And girls had the fewest freedoms of all. Had no right to learn to swim. Nor to play tennis or any other sport. The boys in the classical colleges would come back every summer with tales of their athletic feats, which we poor girls could only admire and envy. There was a Boy Scout troop but no Girl Guide troop, despite the journey my friends and I made to the archdiocese of Rimouski to plead for one to be established, a request that was refused without any discussion, with the peremptory authority typical of the time. We had come back to the village determined to secretly form our own troop, with the support of our mothers and of the provincial commissioner, Blandine Neault, to whom I had written.

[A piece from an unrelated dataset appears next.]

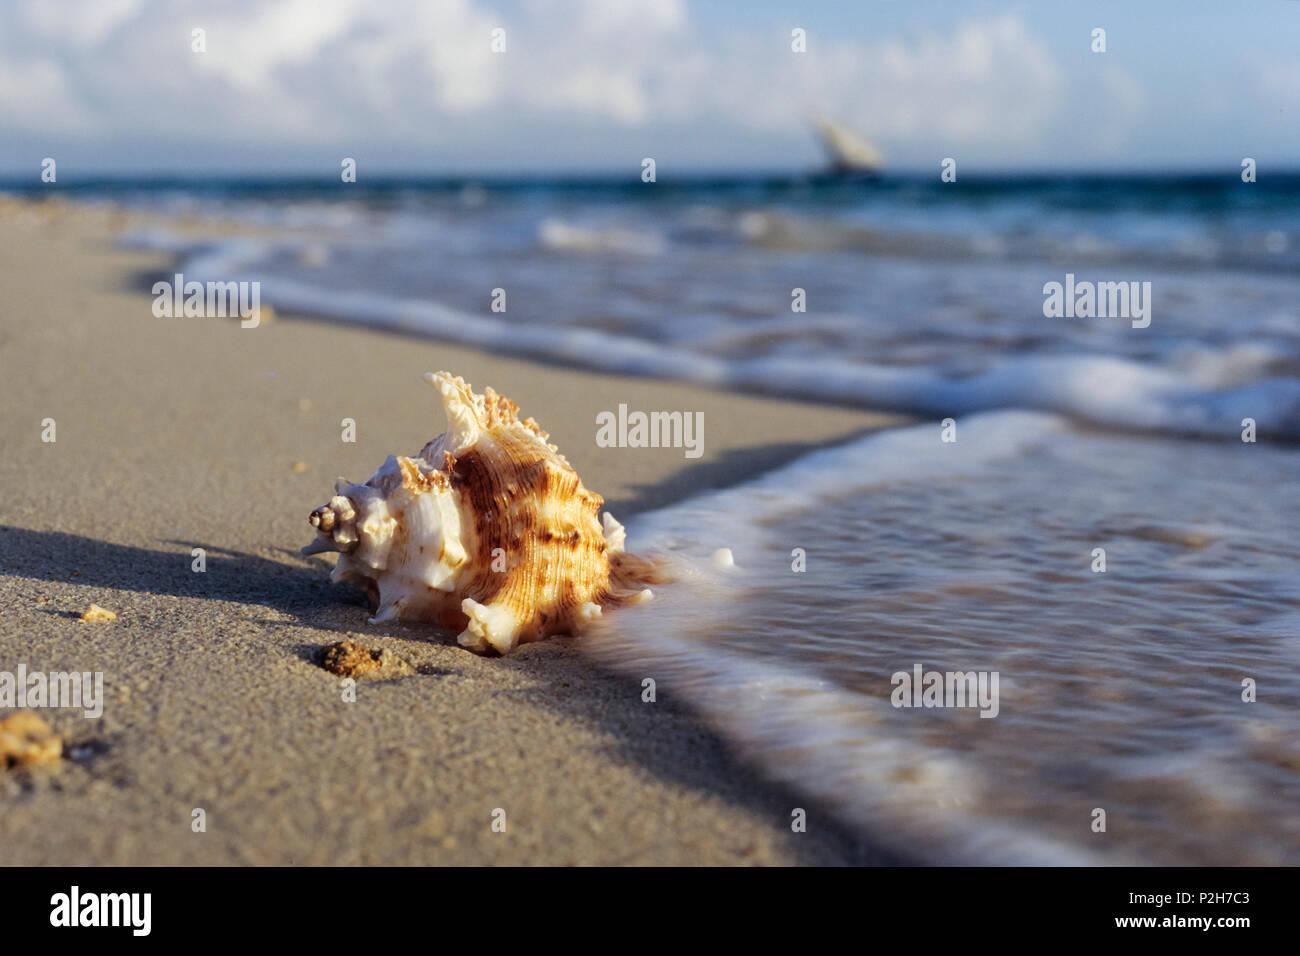 Snail shell on the beach, Zanzibar, Tanzania, East-Africa - Stock Image

As she requested, we sent the money for our dues, and she mailed us a huge parcel containing the uniforms we had dreamed of, in which we paraded down the main street every week: regulation hat, short skirt, belt with a dagger (a dagger that gave you strength and power!), whistle, and neckerchief, everything needed to impress and defy the adults, and frighten some of them. I became the leader of the troop of girls aged between twelve and fourteen. Of course, we had no chaplain. But it was decided that I would fill that role, and I did so willingly.
At that time, in that archdiocese, dance had been proclaimed a mortal sin from every pulpit. We danced, of course, at Camp Cartier on Saturday night, but our hearts were divided, half in heaven, half in hell.
I remember a story that was often recounted by the adults: Papa’s younger sister Gisèle was happily riding a bicycle belonging to one of her brothers and she met Father Caron walking, as always, with his cane and wearing his big black felt hat. He was coming toward her as she went down a hill at full speed, her hair and her skirt flying in the wind, and she heard him shout “Shameless hussy” and felt a blow on her legs from his cane. He shouted, “Go home, you’re not allowed to use that machine, it’s reserved for the stronger sex. You will come to confession on Saturday.”